- **Data shown**:

# # # # # # #

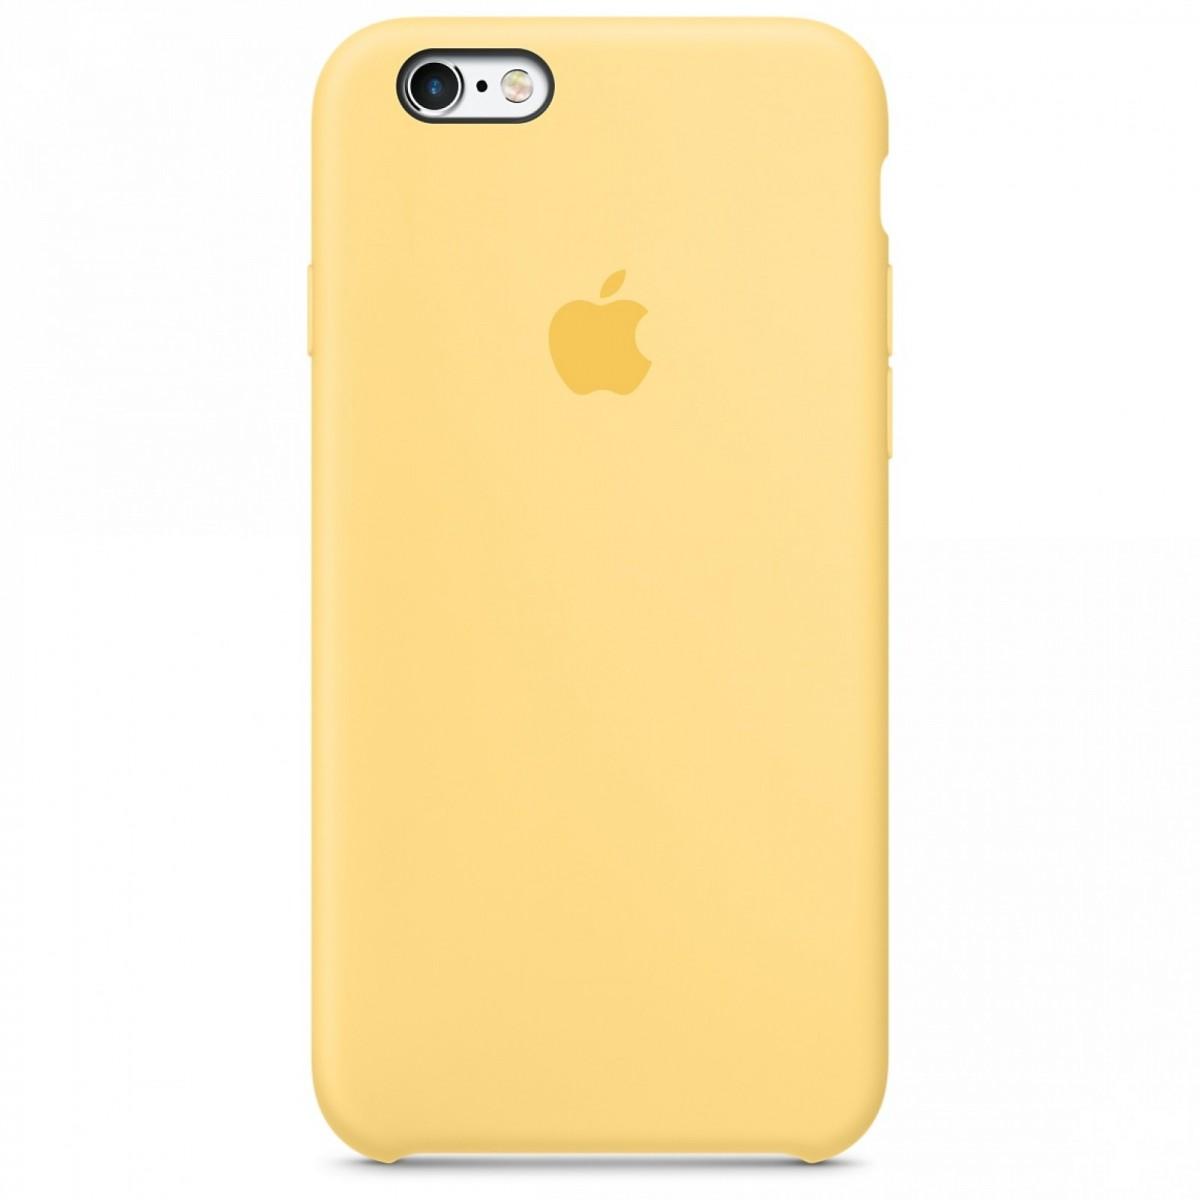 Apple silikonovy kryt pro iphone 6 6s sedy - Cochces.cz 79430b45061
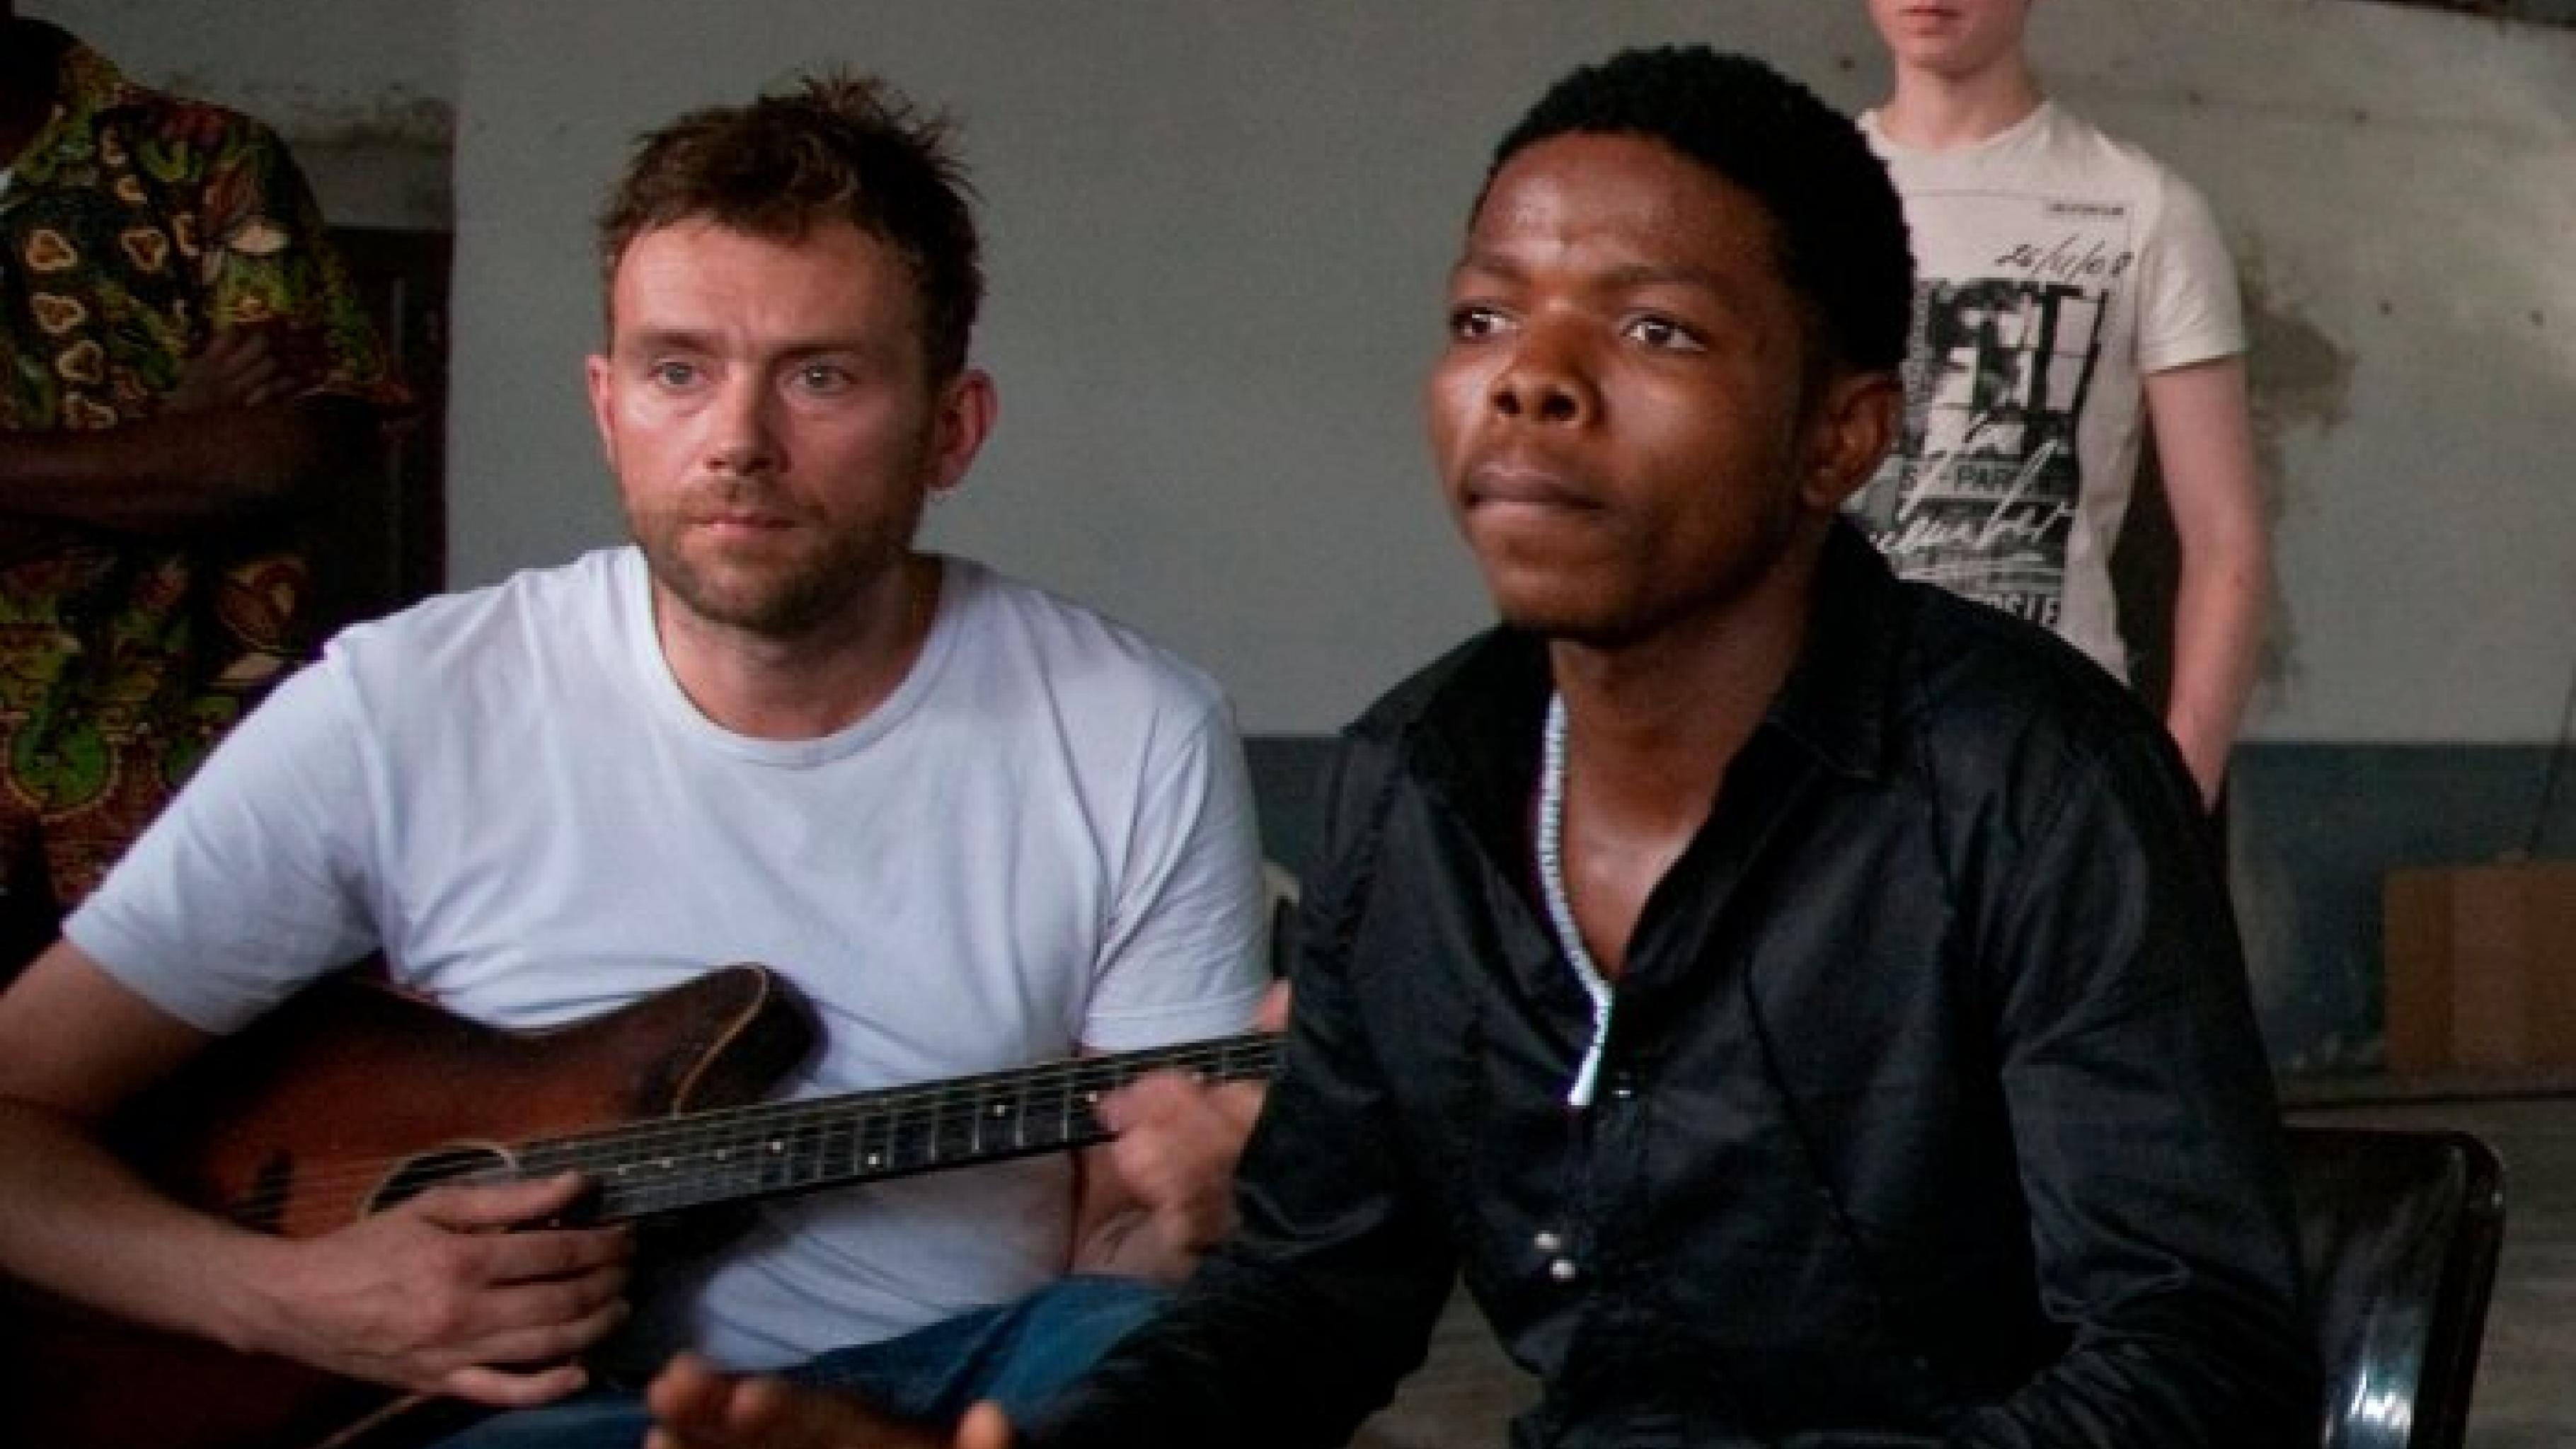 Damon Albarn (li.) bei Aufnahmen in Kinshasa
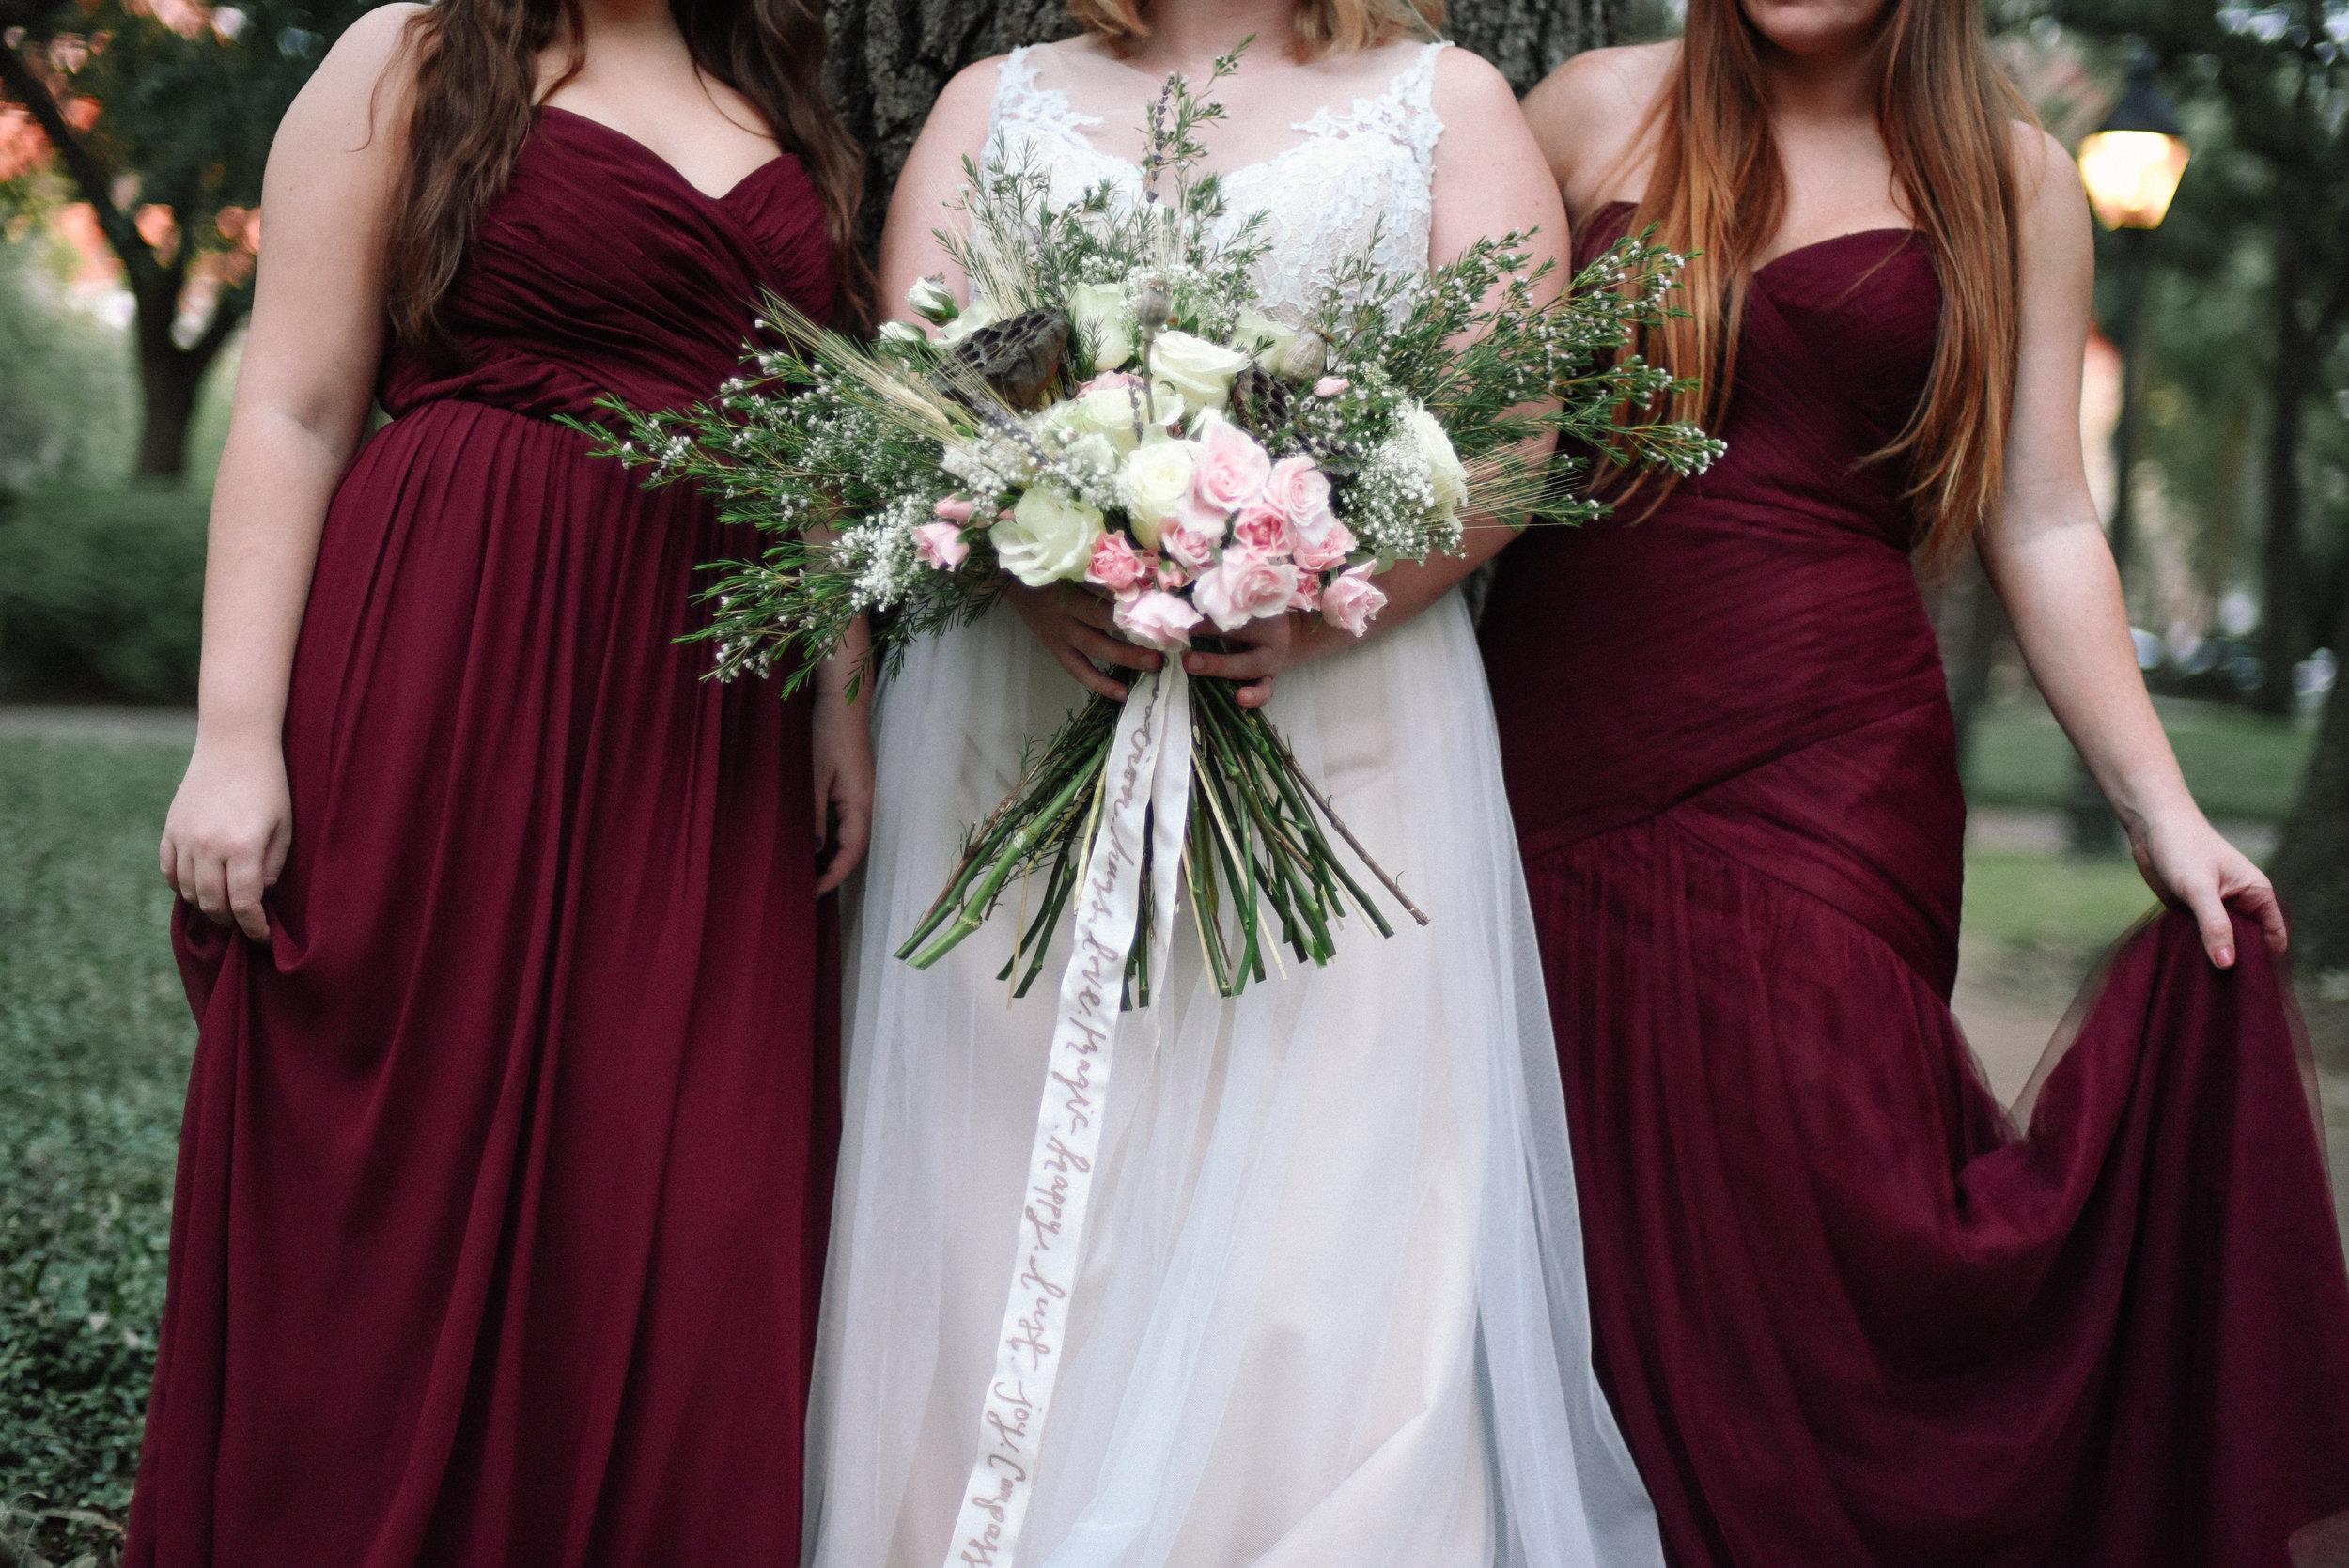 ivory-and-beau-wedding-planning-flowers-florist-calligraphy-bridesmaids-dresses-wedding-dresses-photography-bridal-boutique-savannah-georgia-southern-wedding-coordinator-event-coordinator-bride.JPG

# # # # # # #

- **Aim of the exercise**: Starting with the line that contains "Damon Albarn (li.) bei Aufnahmen in Kinshasa", reproduce every line to the end of the material above, both end lines included, exactly and with no pictures.

- **Solution for this task**:
 Damon Albarn (li.) bei Aufnahmen in Kinshasa
 ivory-and-beau-wedding-planning-flowers-florist-calligraphy-bridesmaids-dresses-wedding-dresses-photography-bridal-boutique-savannah-georgia-southern-wedding-coordinator-event-coordinator-bride.JPG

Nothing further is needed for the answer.